Brigid Gallacher as Mummy in Milk (photograph by Sarah Walker)Brigid Gallacher as Mummy in Milk (photograph by Sarah Walker)

In their way, both works are reminiscent of Alan Bennett’s Talking Heads – still the gold standard of plays for solo performers – but in its astringency Milk reminded me more of Dennis Kelly’s Girls & Boys. Nichol, like Kelly, is interested in the gendered nature of violence, but for my money Milk is the superior piece of writing. Unlike Kelly, Nichol resists the urge to didacticise, to mistake the stage for a lecture theatre. Rather, Milk is a fully realised drama that refuses to swap out the spell it casts for pat social commentary. Its hard-edged but tender portrait of a mother undergoing a crisis of faith is never less than vivid and absorbing.

Gallacher is, perhaps, the play’s ideal vehicle. Warm but brittle, vivacious yet heavy-hearted, it’s a performance rich in nuance, both verbally and physically dexterous. When relaying the words of her sons or new lover Billy, her voice and face expertly drop, seemingly effortlessly taking on the slumped physicality and cadences of the Australian Male. When speaking of motherhood, of the milk that flows from her breasts like a connective river, she really does appear to glow. Gallacher’s performance also, I think, usefully emphasises one of the subtler dimensions of Nichol’s play: the issue of class, which for example manifests in the contempt in which Mummy is held by other, more affluent mothers.

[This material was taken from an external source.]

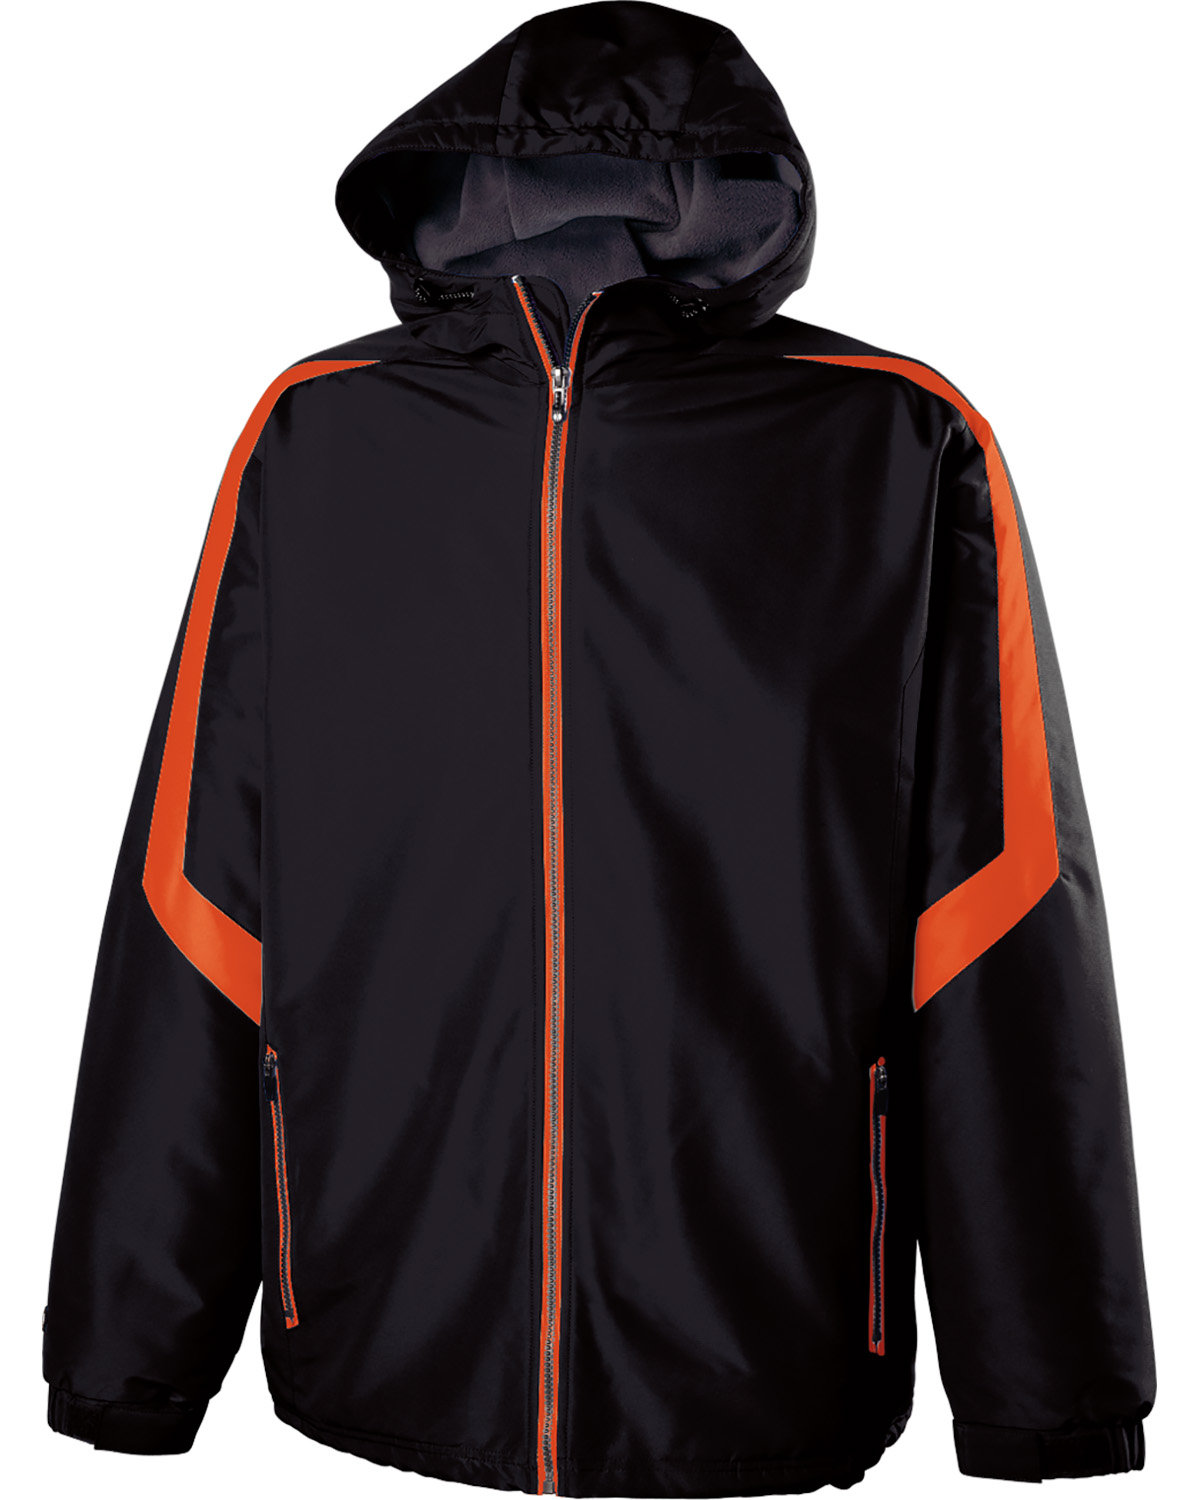 Adult Polyester Full Zip Charger Jacket-Holloway

Blood, it must be said, suffers a little by comparison with its predecessor (it may have been wiser to swap the running order so that the more substantial and affecting Milk closed rather than opened the proceedings). It didn’t help, either, that Purcell, as good as he is, gave a much less assured performance than Gallacher on opening night. Nevertheless, Daddy is, in his way, every bit as fascinating a creation as Mummy. Both a libertine and a disciplinarian, Daddy charts a complex course through desire and control. His queerness, unlike that of Strong Boy, is a source of pride rather than shame. Yet he is an inveterate giver, his inability to fully submit to pleasure one of the play’s key drivers. Purcell imbues the role with a steely presence and a muscular physicality. The direction, by Nichols and Purcell himself, introduces occasional gestural and choreographic elements, which are used like punctuation marks to signal the text’s shifting directions. As a piece of writing, Blood is more fragmentary than Milk, but it retains the latter’s pathos and humour, as well as its keen observational qualities. As in Milk, Blood calls upon its performer to inhabit a cast of characters, and Purcell brings each vividly to life, most memorably his histrionic friend Grace.   

At the risk of reaching too hard to find connecting tissue between these works, which were not originally written to be paired together, I think it’s fair to say that both, in the end, are about creation and nurturing. Mummy, of course, has her sons. But Daddy’s lovingly tended garden, wherein he finds solace unavailable to him anywhere else, is its own kind of incubator. At the denouement of Blood, he tells us he ‘feels like a seed’, a carrier of old wisdom and new life.


 

Milk and Blood continues at Fortyfivedownstairs until 1 September 2024. Performance attended: 16 August.